The city as a space of multiplicity
The diversification of inequalities and hierarchies
Transnational and local comparisons and the status trajectories of newcomers who selectively move through layered and intersecting status hierarchies of origin, race, class, gender, and religion become compressed in the heterogeneous social lives of cities and their inhabitants. The project addresses
three interconnected dimensions:
three interconnected dimensions:
- It explores the emergence of new urban infrastructures upon the arrival of migrant newcomers (Heil 2018, 2020 accepted). Diverse migrant-specific, social and material infrastructural components become intertwined with each other.

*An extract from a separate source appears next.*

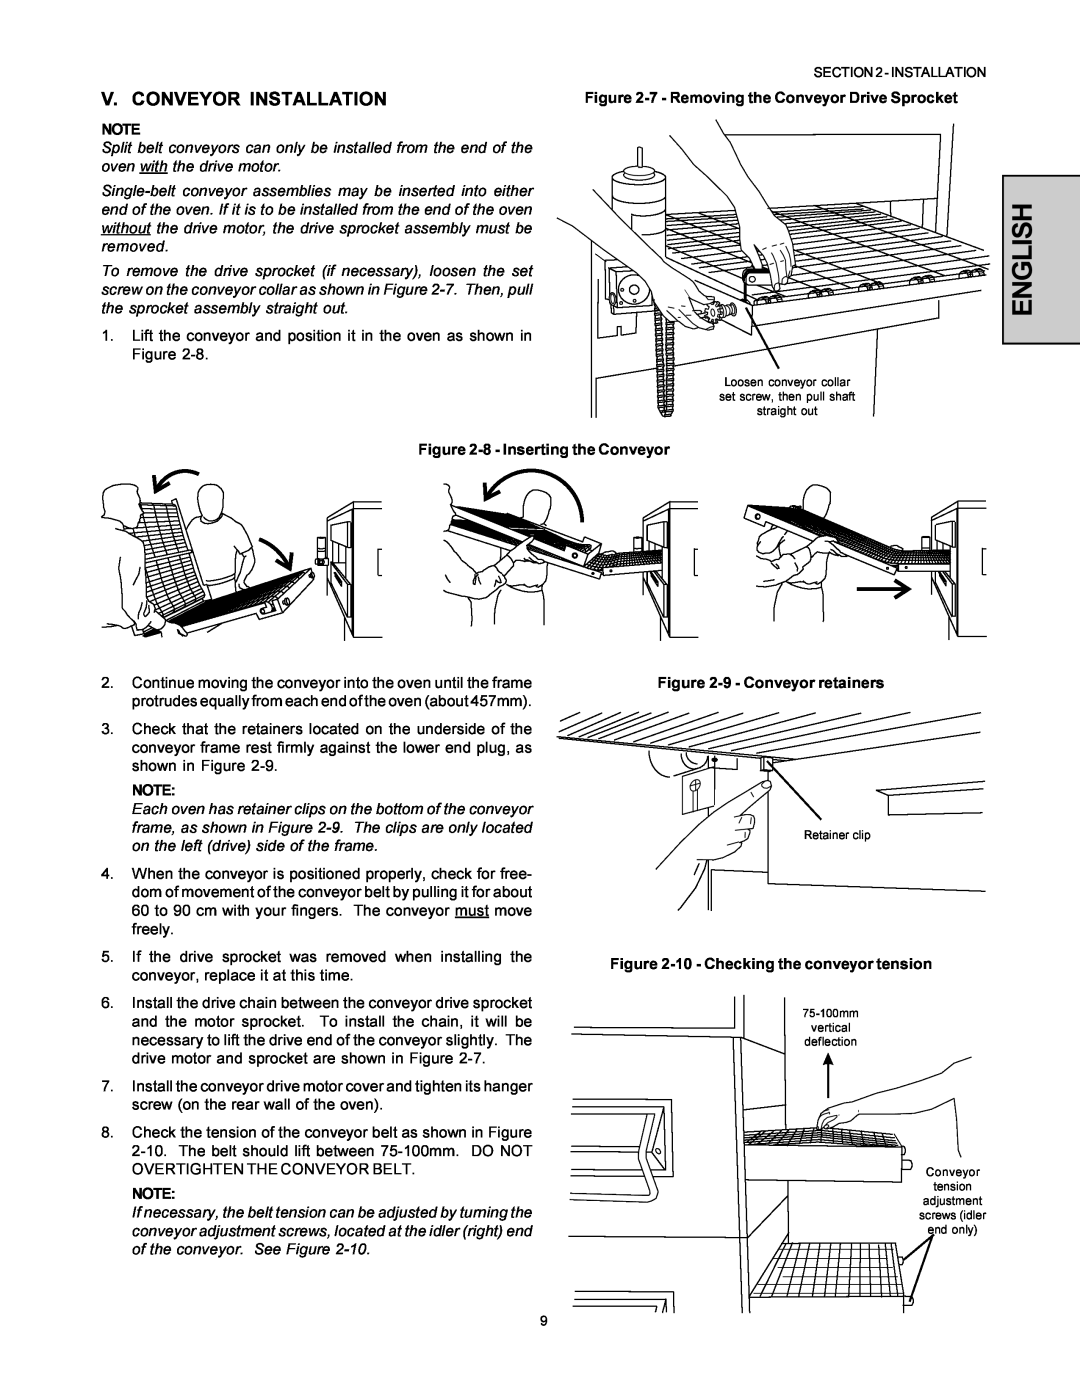 Middleby Marshall PS360-U installation manual English, V. Conveyor Installation, 7- Removing the Conveyor Drive Sprocket

Migrant newcomers also interweave themselves and their collective resources with infrastructure components that pre-exist within a given urban fabric. Such complex infrastructuring practices become constitutive of new urban realities.
- The project reveals the social practices of reflection, evaluation, imagination, and sensing that produce meaning from historically grown but changing contemporary configurations of valued difference as they happen upon the arrival of newcomers to a city. They mobilise well-known categories of an intersectional analysis—mainly, but not exclusively, race, class, gender, and religion—while at the same time questioning discourses of marginality (e.g., Heil 2020, 2019). Making otherwise hidden urban experiences intelligible adds analytical depth and detail to the theoretical thought on the urban. It challenges the power of homogenizing and simplifying narratives of urban stratification and inequality that a city like Rio de Janeiro predominantly produces (Heil under review).
- The project significantly contributes to developing my analytical thought on conviviality as minimal sociality (Heil 2020). The empirical insights into how people live together despite seemingly unbridgeable differences (e.g., Heil 2019, 2019, 2020) inspires the conceptional provocation of convivial disintegration (Heil/Meissner 2020) that challenges the hegemonic location of integration in European thinking on the arrival of migrants.